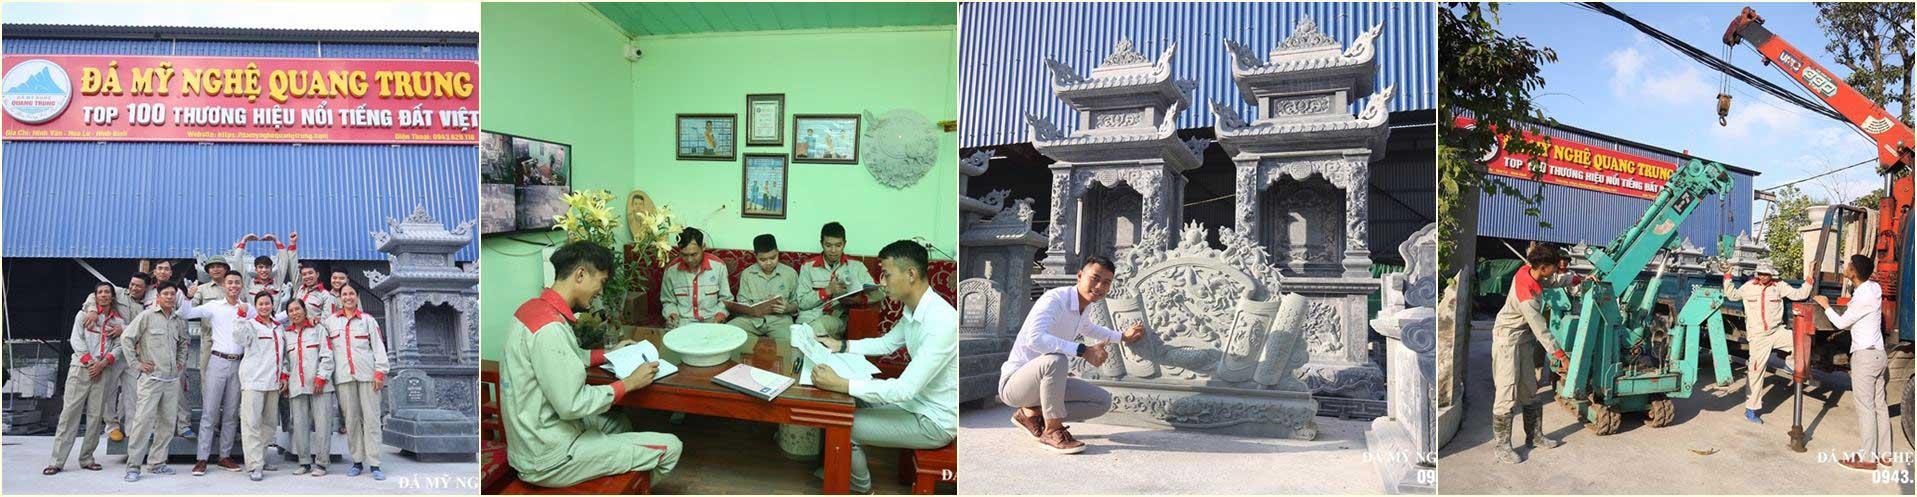 Đá Mỹ Nghệ Quang Trung Ninh Bình - Giá trị bền vững theo thời gian!
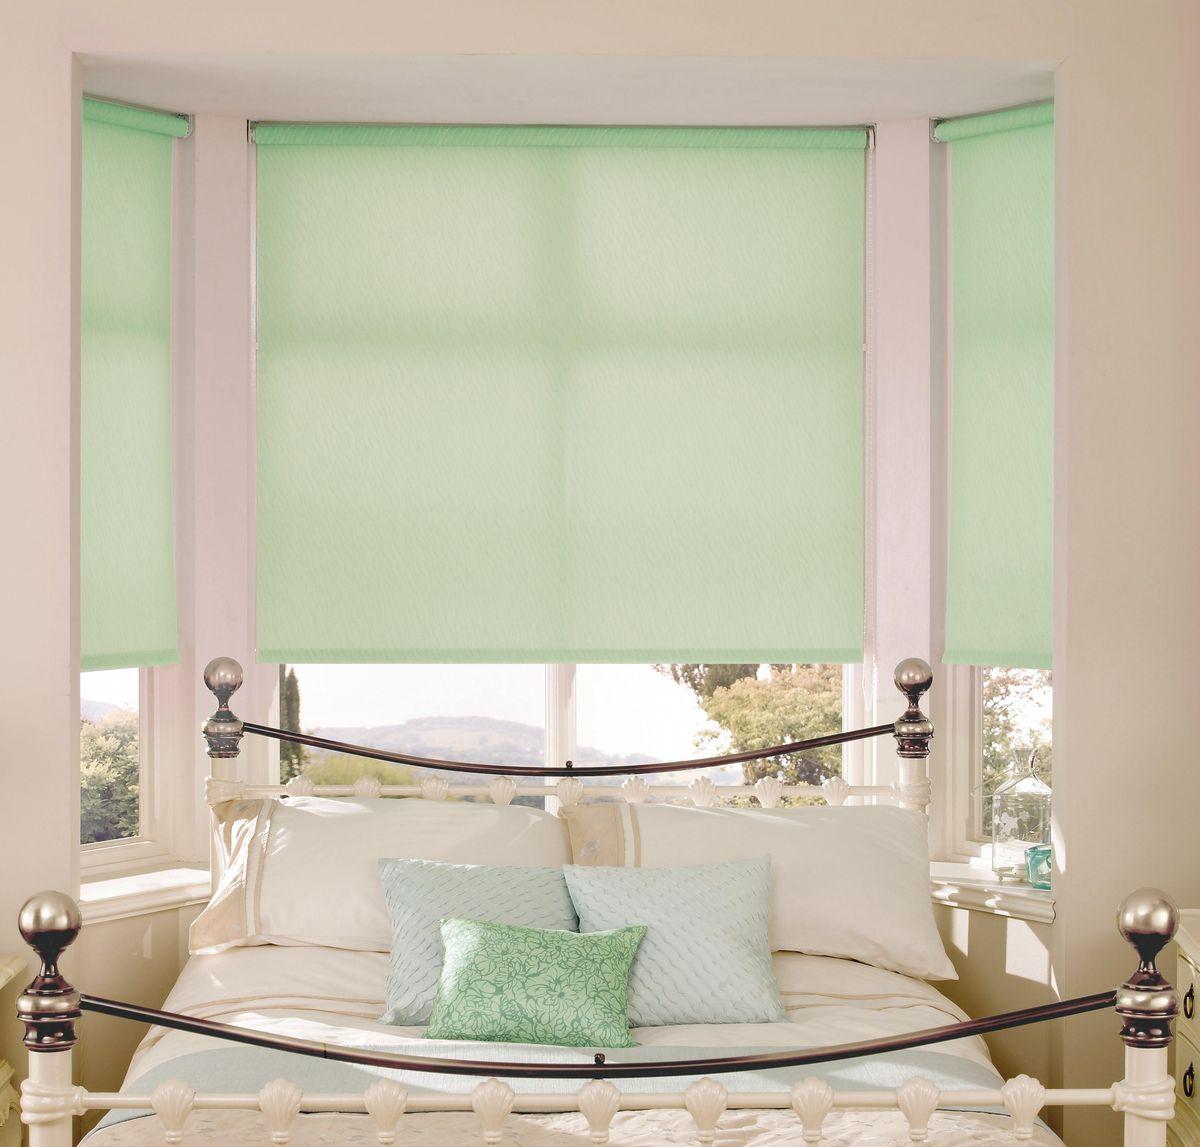 Штора рулонная Эскар, цвет: светло-зеленый, ширина 150 см, высота 170 см81017150170Рулонными шторами можно оформлять окна как самостоятельно, так и использовать в комбинации с портьерами. Это поможет предотвратить выгорание дорогой ткани на солнце и соединит функционал рулонных с красотой навесных. Преимущества применения рулонных штор для пластиковых окон: - имеют прекрасный внешний вид: многообразие и фактурность материала изделия отлично смотрятся в любом интерьере; - многофункциональны: есть возможность подобрать шторы способные эффективно защитить комнату от солнца, при этом она не будет слишком темной. - Есть возможность осуществить быстрый монтаж. ВНИМАНИЕ! Размеры ширины изделия указаны по ширине ткани! Во время эксплуатации не рекомендуется полностью разматывать рулон, чтобы не оторвать ткань от намоточного вала. В случае загрязнения поверхности ткани, чистку шторы проводят одним из способов, в зависимости от типа загрязнения: легкое поверхностное загрязнение можно удалить при помощи канцелярского ластика; чистка от пыли производится сухим методом при...
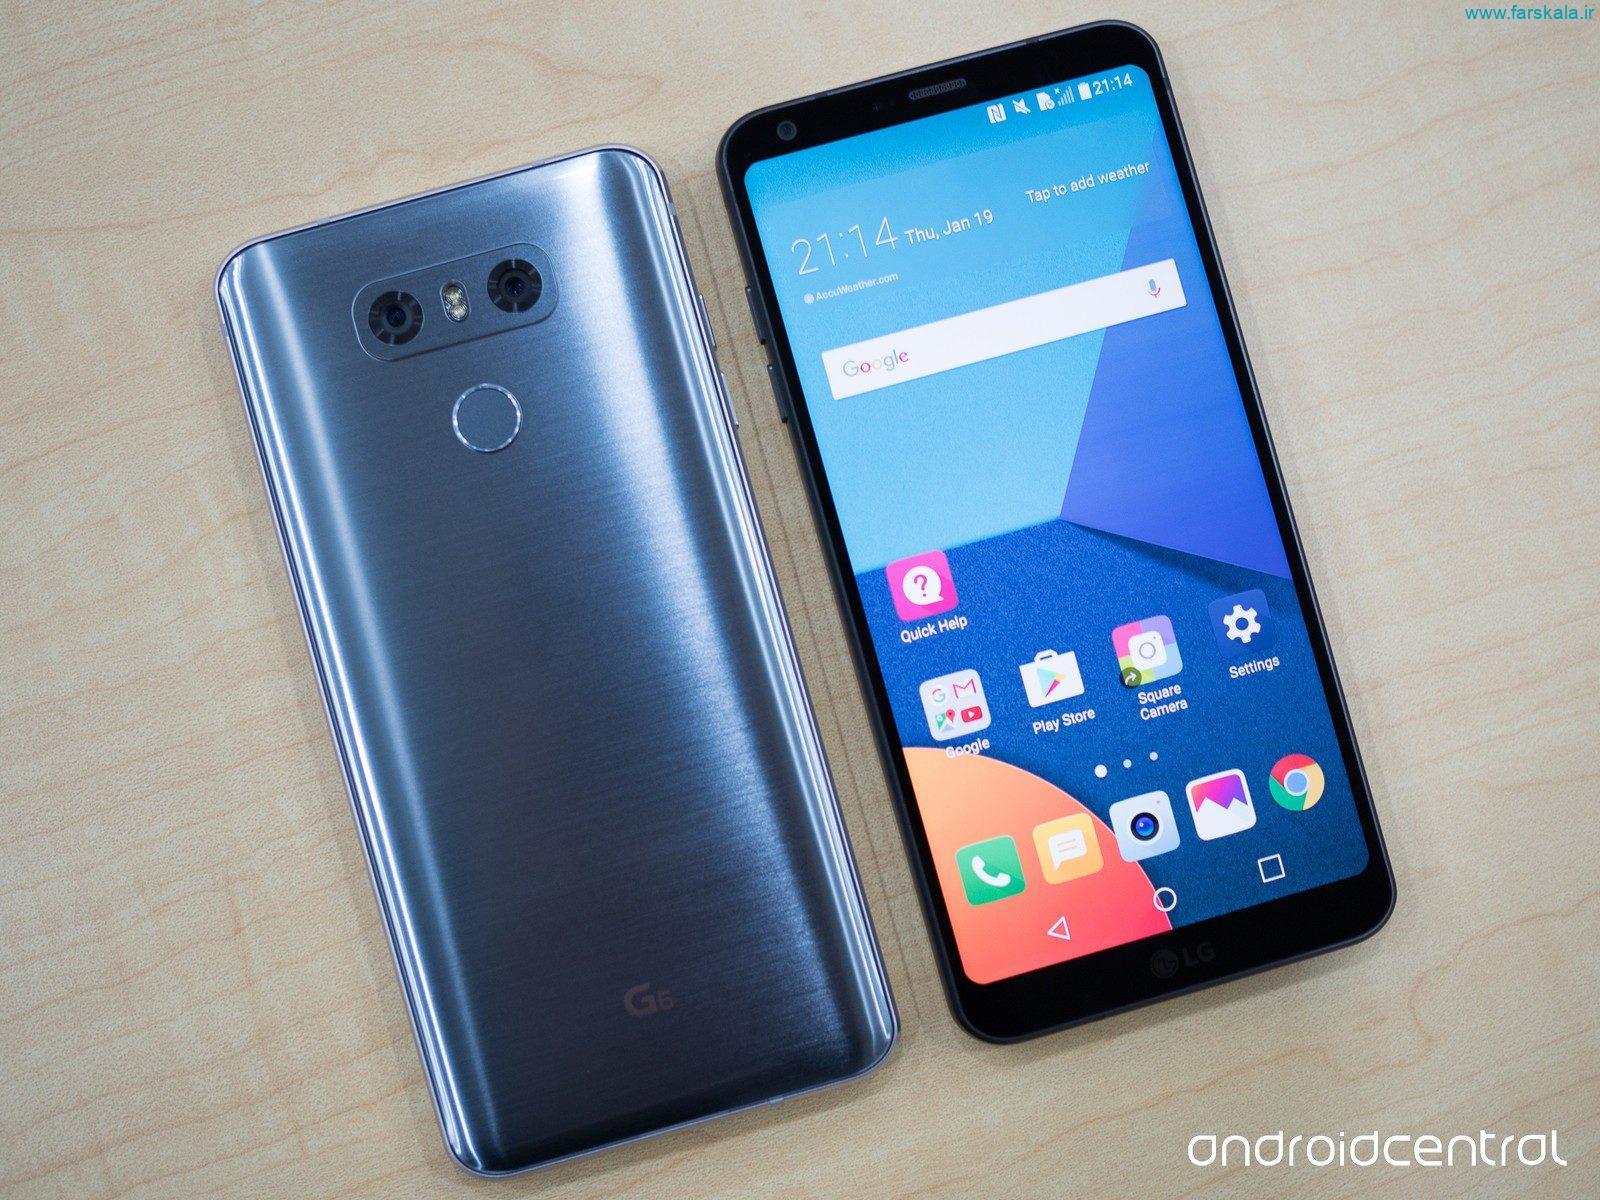 قیمت و مشخصات فنی گوشی LG V35 ThinQ

━━━

What you should do –
Leaving the pictures aside, copy exactly and only the lines from the one holding "Штора рулонная Эскар, цвет: светло-зеленый, ширина" through the final line of the data, both ends kept.

Answer to this task –
 Штора рулонная Эскар, цвет: светло-зеленый, ширина 150 см, высота 170 см81017150170Рулонными шторами можно оформлять окна как самостоятельно, так и использовать в комбинации с портьерами. Это поможет предотвратить выгорание дорогой ткани на солнце и соединит функционал рулонных с красотой навесных. Преимущества применения рулонных штор для пластиковых окон: - имеют прекрасный внешний вид: многообразие и фактурность материала изделия отлично смотрятся в любом интерьере; - многофункциональны: есть возможность подобрать шторы способные эффективно защитить комнату от солнца, при этом она не будет слишком темной. - Есть возможность осуществить быстрый монтаж. ВНИМАНИЕ! Размеры ширины изделия указаны по ширине ткани! Во время эксплуатации не рекомендуется полностью разматывать рулон, чтобы не оторвать ткань от намоточного вала. В случае загрязнения поверхности ткани, чистку шторы проводят одним из способов, в зависимости от типа загрязнения: легкое поверхностное загрязнение можно удалить при помощи канцелярского ластика; чистка от пыли производится сухим методом при...
 قیمت و مشخصات فنی گوشی LG V35 ThinQ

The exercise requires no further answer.